Colpì con un pugno la moglie incinta, 45enne condannato

MANTOVA – A far scattare le indagini del caso era stata, nello specifico, una segnalazione dei servizi sociali ai quali si era rivolta la stessa persona offesa, non costituitasi parte civile al processo, in merito a un episodio violento, perpetrato ai suoi danni in ambito domestico. Sulla scorta di tale denuncia, con conseguente istruzione del relativo giudizio penale, era così finito sul banco degli imputati, circa l’ipotesi di maltrattamenti in famiglia, il marito della donna, un 45enne cittadino marocchino residente, assieme alla coniuge e i quattro figli, in un comune dell’hinterland cittadino. In particolare, la donna aveva riferito di come nella circostanza il compagno, al culmine di un litigio, con lei al termine della quarta gravidanza, l’avesse colpita in testa con un pugno. Da lì era quindi stata mandata in ospedale dalle assistenti sociali comunali per effettuare una visita di controllo e farsi così refertare. Un responso medico fortunatamente però dall’esito negativo per quanto concerne possibili conseguenze sia per lei che per il bimbo che portava in grembo. Un evento del tutto isolato, aveva riferito la stessa parte lesa in aula in corso d’istruttoria dibattimentale, e dettato, sempre secondo il suo racconto, da frequenti alterchi all’interno della coppia afferenti prettamente motivi economici. L’accusato infatti – difeso dall’avvocato Erica Pezzoli – sul finire del 2017, proprio in concomitanza con l’arrivo del quarto figlio, sarebbe stato preso da assillanti timori circa il mantenimento della famiglia in procinto, a stretto giro, di allargarsi ulteriormente.

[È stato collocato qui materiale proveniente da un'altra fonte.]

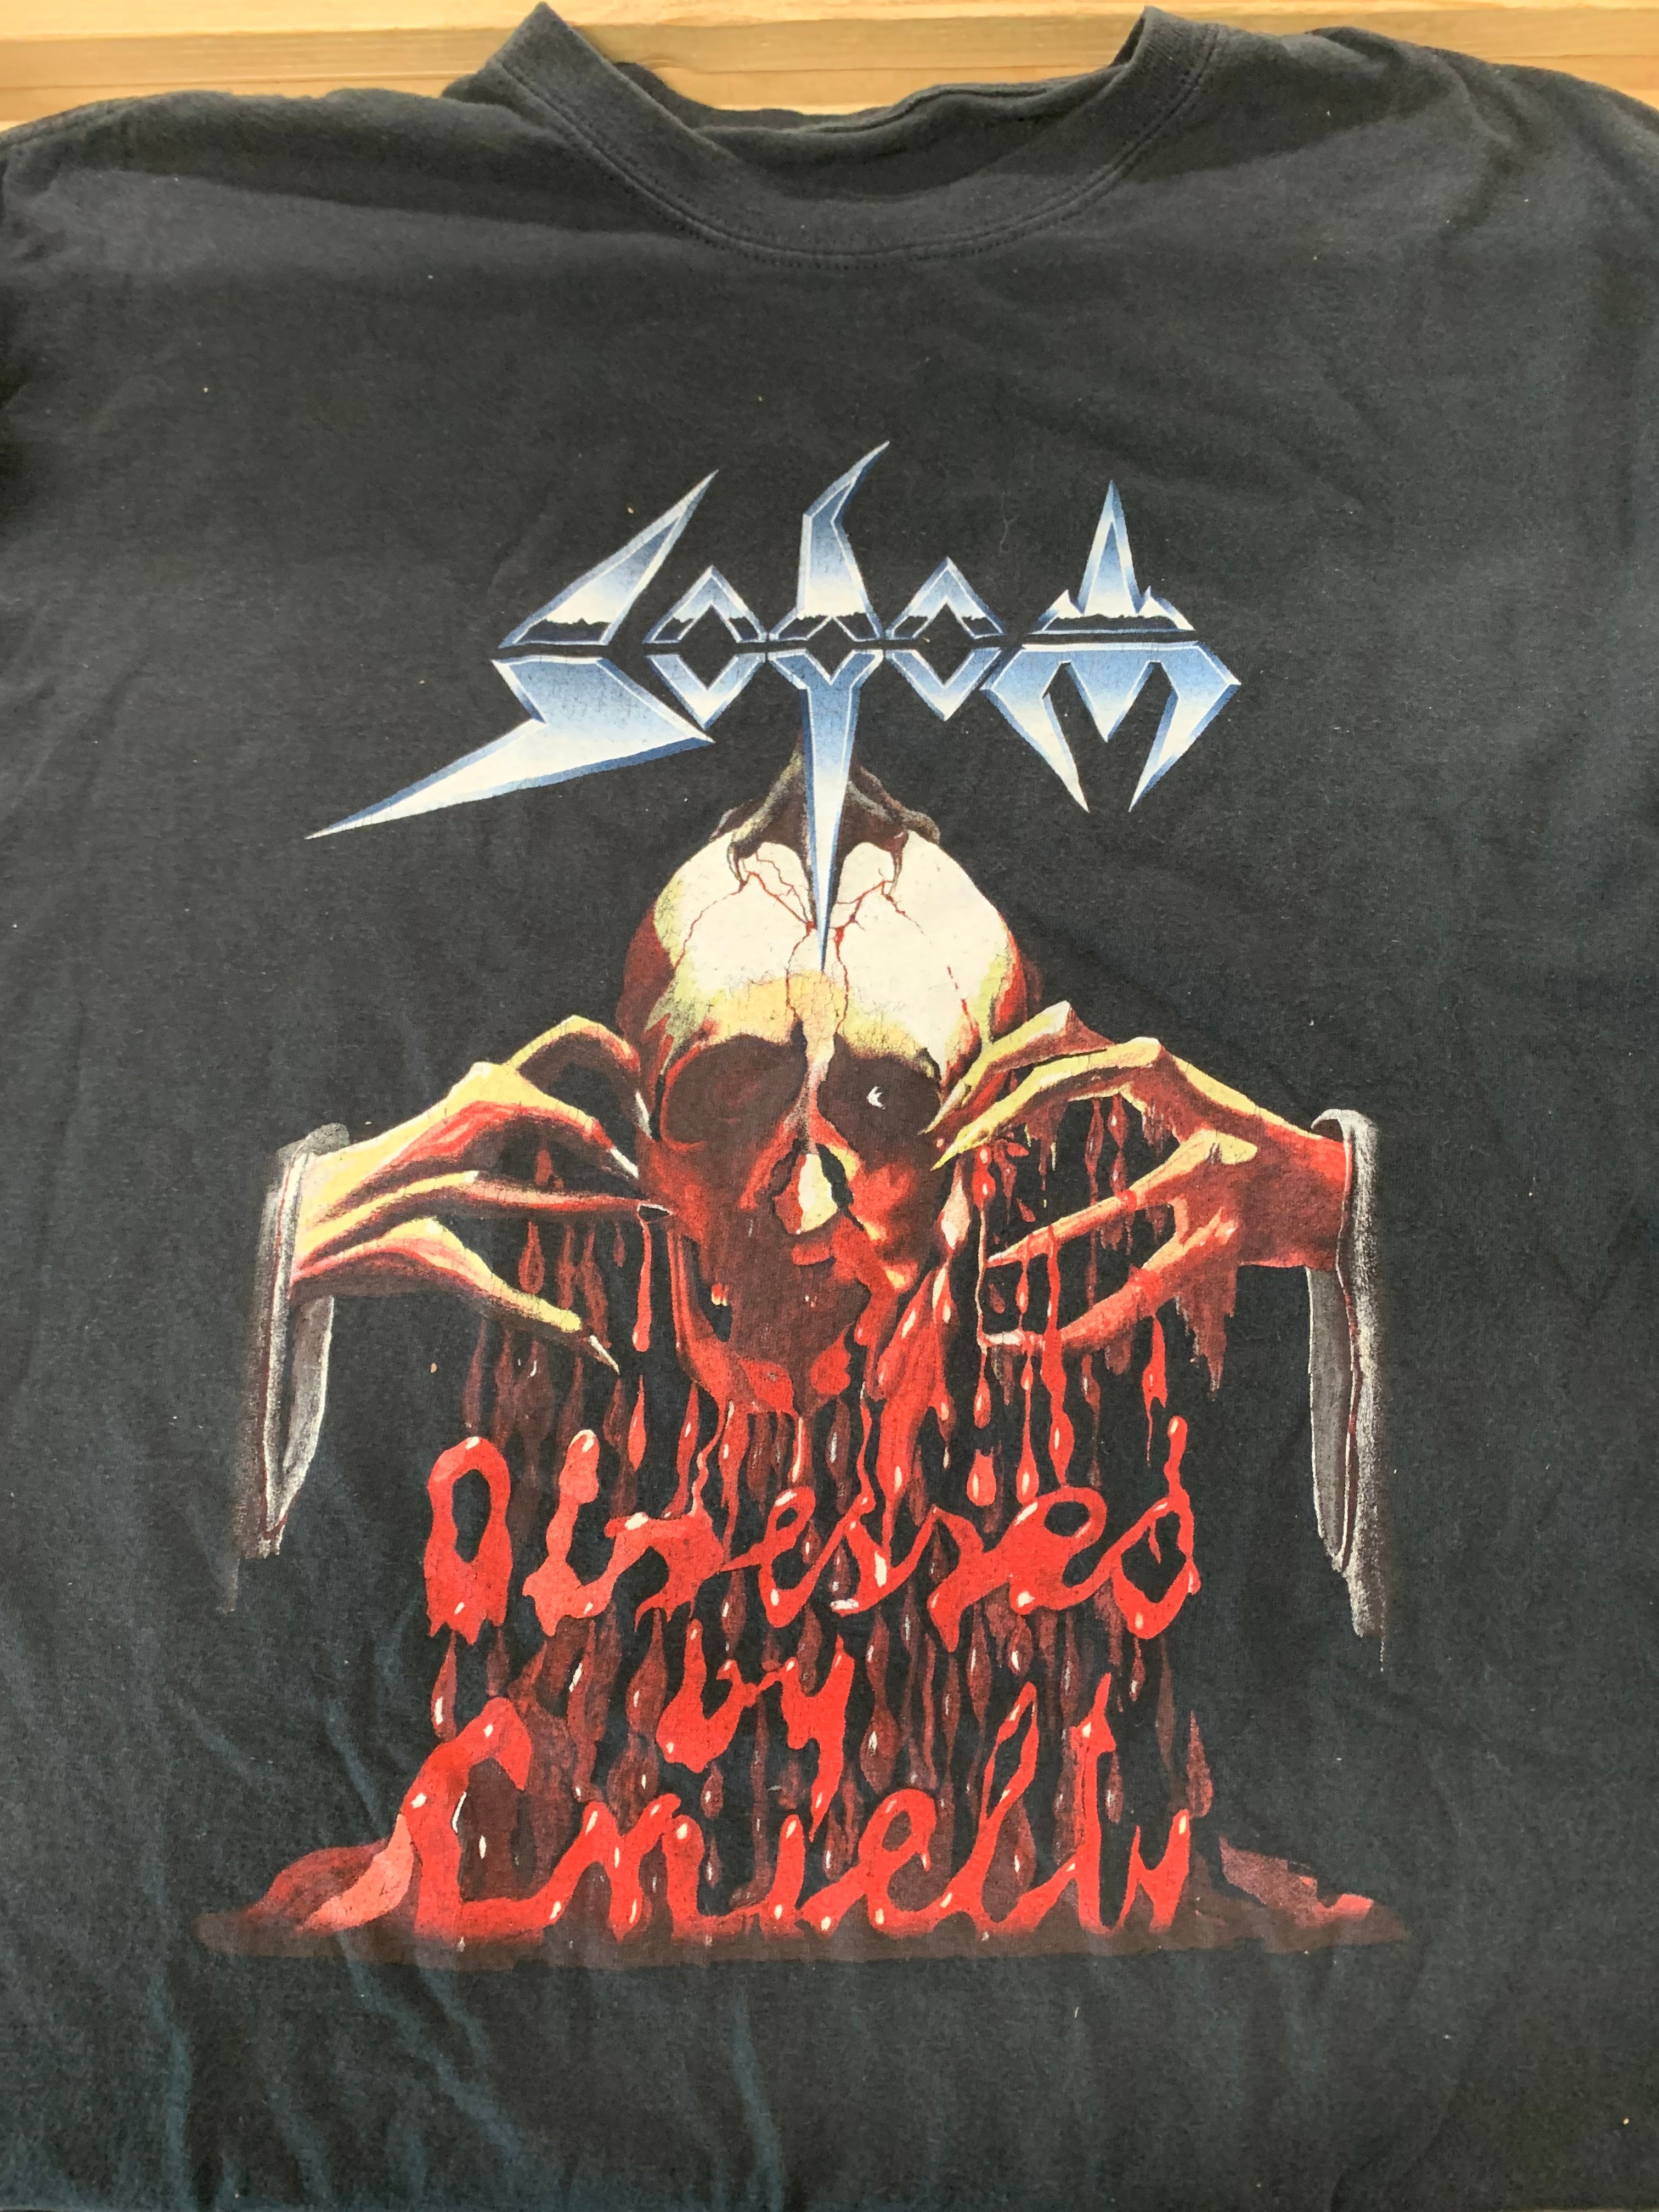 Sodom Obsessed By Cruelty T-Shirt, Black, XL

Preoccupazioni motivo di scontro e discussione con la moglie ma mai, sempre secondo la stessa donna, tali da sfociare in aggressioni e sopraffazioni fisiche, tanto meno in presenza delle prole. Testimonianza ritenuta altresì «matura e attendibile» dallo stesso pubblico ministero Pierlorenzo Franceschini, che ieri, al termine della propria requisitoria, ha quindi proposto istanza assolutoria – perché il fatto non sussiste – nei confronti del 45enne nel frattempo ritenuto, nell’argomentazione dello stesso Pm perfettamente ristabilito nel «proprio equilibrio familiare». Richiesta a cui si è associata pure la difesa. Un po’ a sorpresa però il collegio giudicante ha ritenuto l’imputato responsabile condannandolo a due anni con pena sospesa.